An unforeseen challenger has entered the ring to emerge as a heavy favorite for best performance in a 2022 Super Bowl commercial, comedy legend Eugene Levy.
In Nissan’s Super Bowl 56 ad titled “Thrill Driver”, Levy checks a box he hasn’t been able to thus far in his career, action star. The campaign slots Levy with Marvel fan favorites Brie Larson, Danai Gurira and Dave Bautista.
Forbes recently caught up with the Schitt’s Creek star/co-creator and SCTV alum to discuss taking the driver’s seat for Nissan, his sensational and timeless chemistry with actress Catherine O’Hara, being terrified Schitt’s Creek wouldn’t work out for his son Dan, and what the world has missed out on after losing John Candy too soon.

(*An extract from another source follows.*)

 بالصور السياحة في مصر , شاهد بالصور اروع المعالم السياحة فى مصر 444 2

“They actually turned me into an action [star]. The premise of this thing was just so much fun,” Levy told Forbes of Nissan’s 60-second spot featuring the all-new 2023 Nissan Z and the all-new, all-electric 2023 Nissan Ariya that will air during the fourth quarter on Sunday. “It’s just something that doesn’t come across your desk every day, certainly not my desk. So this was fun right from the get-go.

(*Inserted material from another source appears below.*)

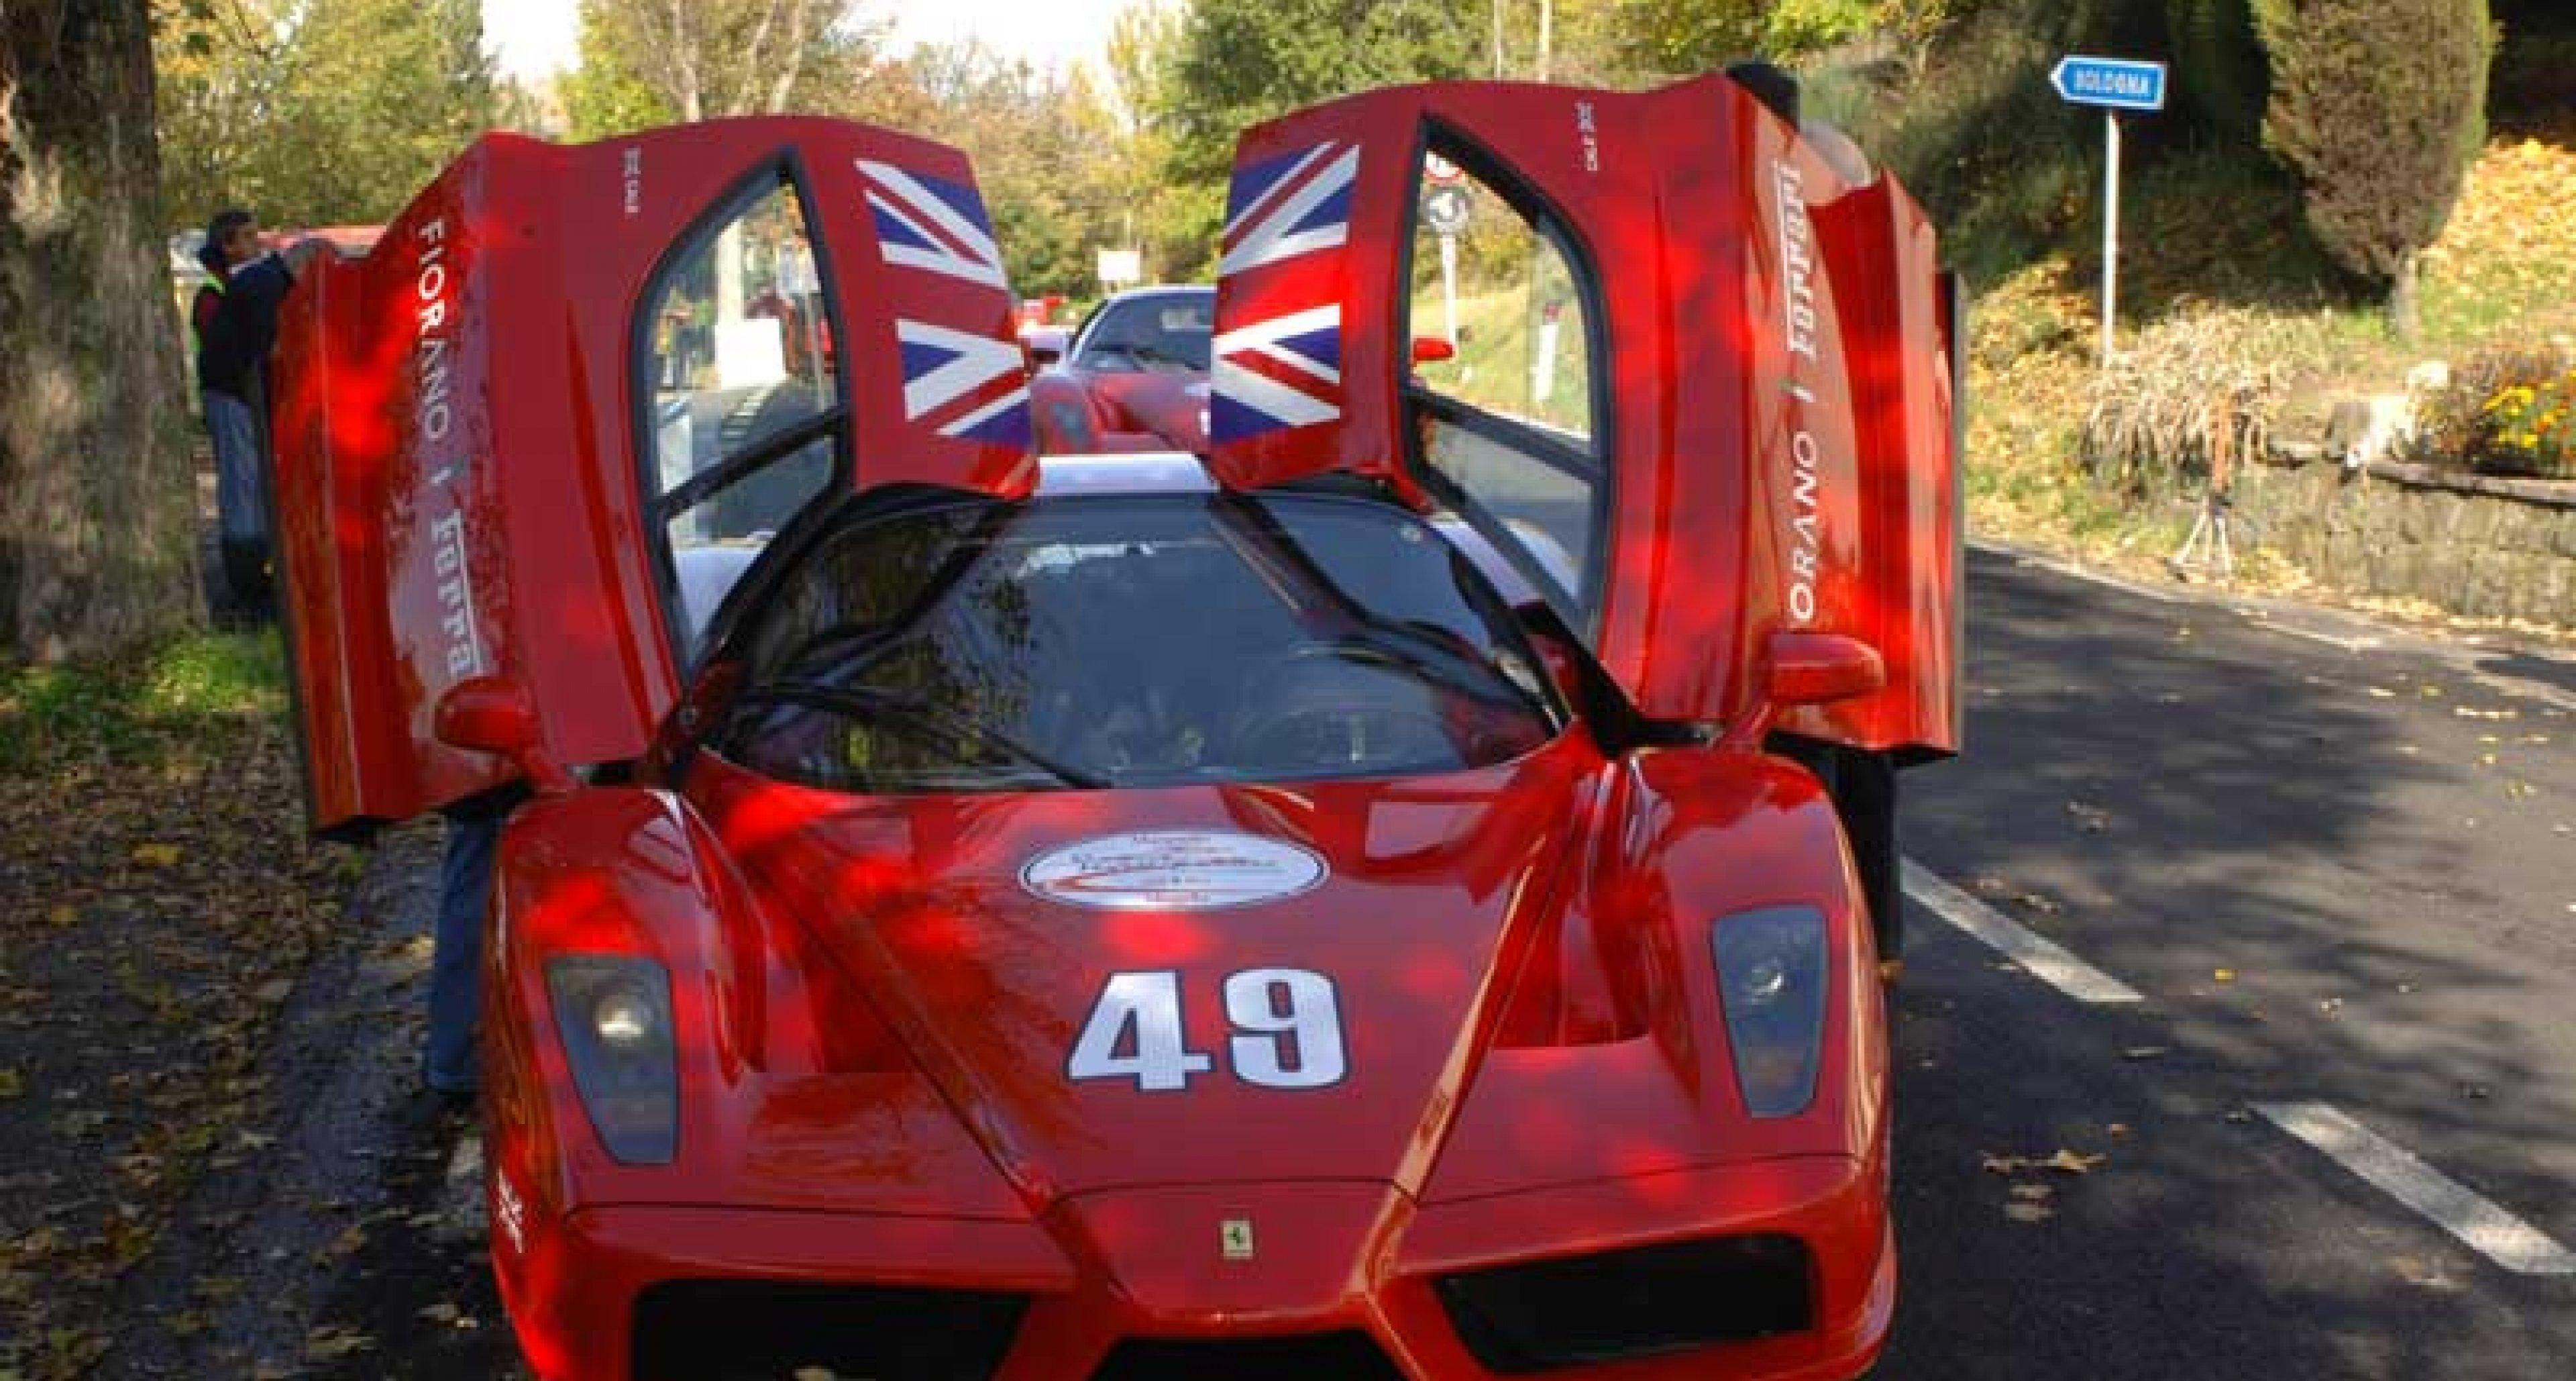 The Ferrari Enzo Tour 2005

“I actually loved the idea and it was a very kind of complicated idea and in the very beginning you’re just hoping that, ‘Well, I hope they can execute well.’ And they did.”

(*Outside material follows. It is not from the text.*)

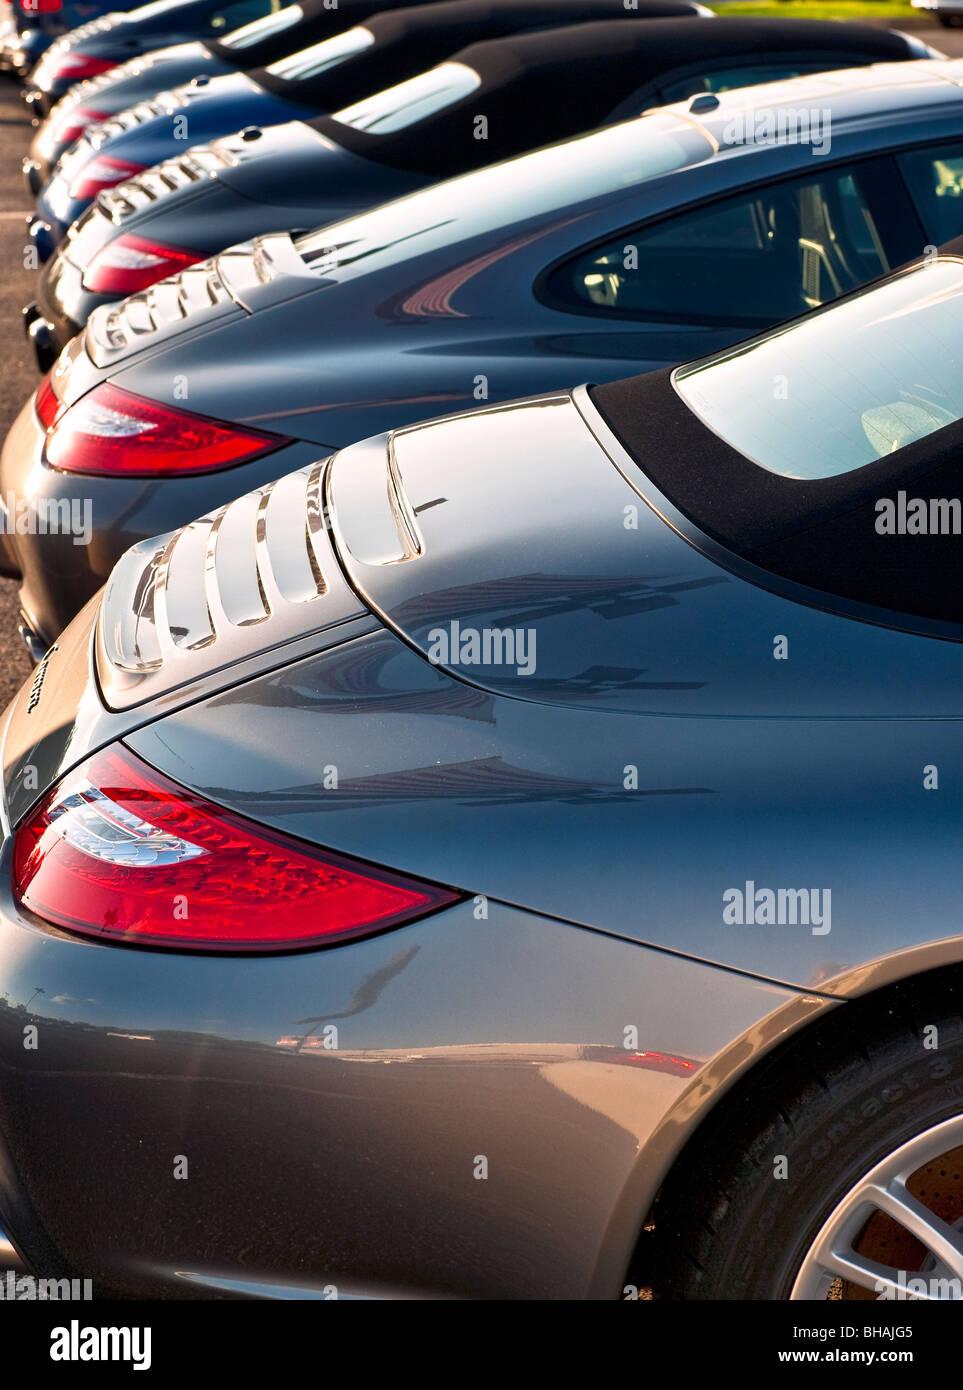 Porsche Carrera dettaglio. Immagini Stock
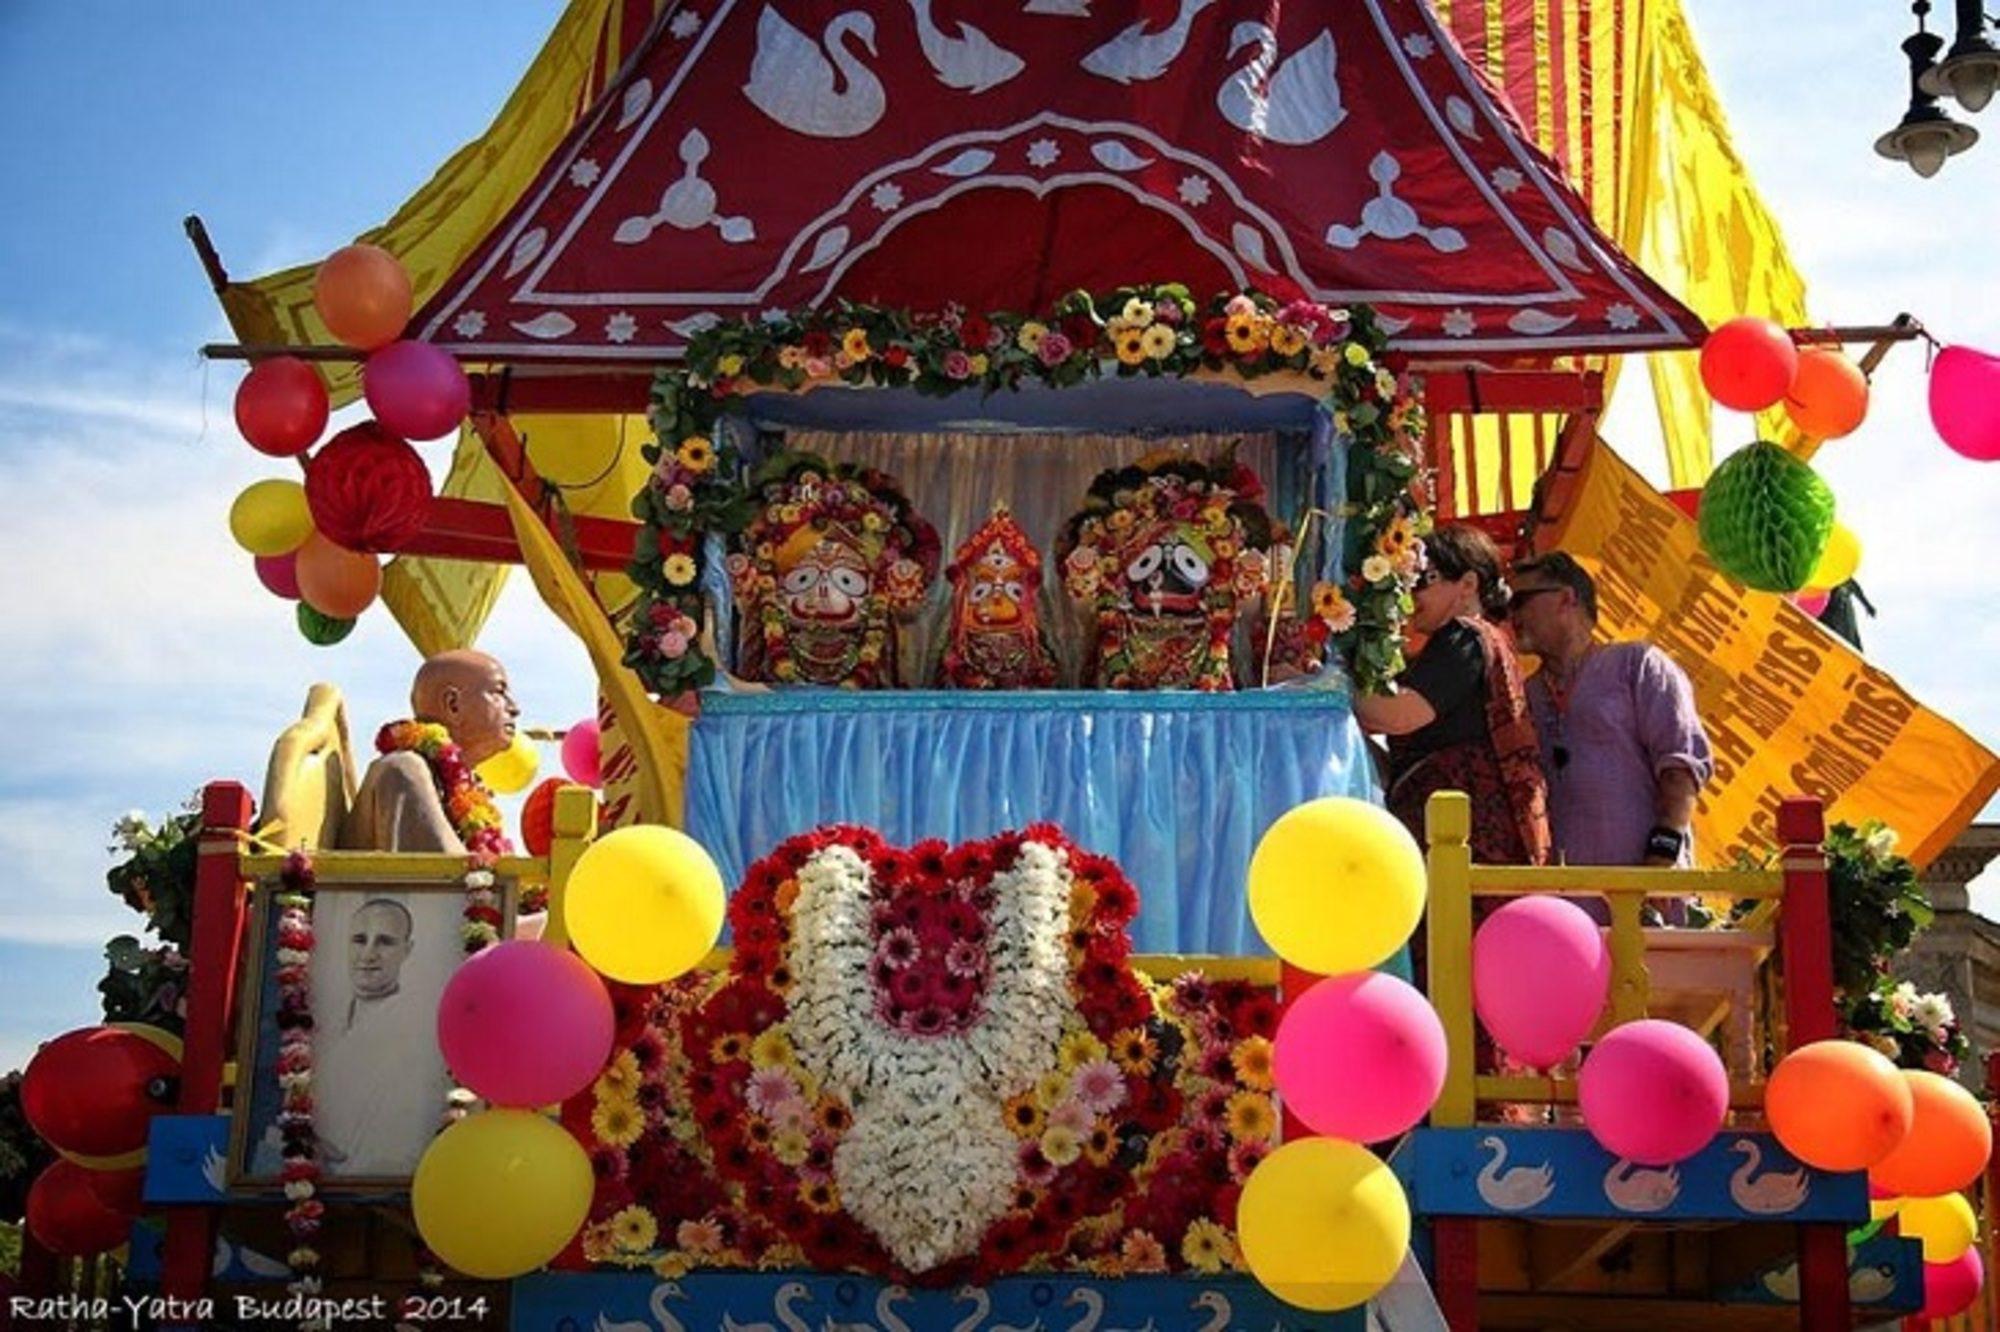 Jógás programokkal vár mindenkit a Bhaktivedanta Hittudományi Főiskola a 23. Szekérfesztiválon!

O’Hara, Levy’s longtime performance partner from SCTV to Christopher Guest films like Best in Show to Schitt’s Creek, makes a cameo in the ad.
“First of all, you have to talk about her talent because she’s probably one of the most, if not the best, comedic actresses in the business,” the Emmy-winning actor said when asked about the on-screen magic between the two that’s spanned multiple generations. “And she’s been doing brilliant stuff for the 40-something odd years that I’ve known her.
“The reason we work so well together is because we really kind of have the same working style. Catherine and I don’t really consider ourselves comedians. In real life, we’re pretty normal people; what we love doing is getting our laughs through our characters that we play.
“Catherine does it so [deeply], she’s so chameleon-like in her work. She actually kind of becomes these characters and finds a way of making them funny in a way that not a lot of actresses can do. We’ve found, again because we work the same way, because we take our work seriously and in trying to get our laughs trhough our characters and keeping everything grounded in the kind of comedy that we do, it’s just been easy to work with. It’s like we finish each other’s sentences in a scene.”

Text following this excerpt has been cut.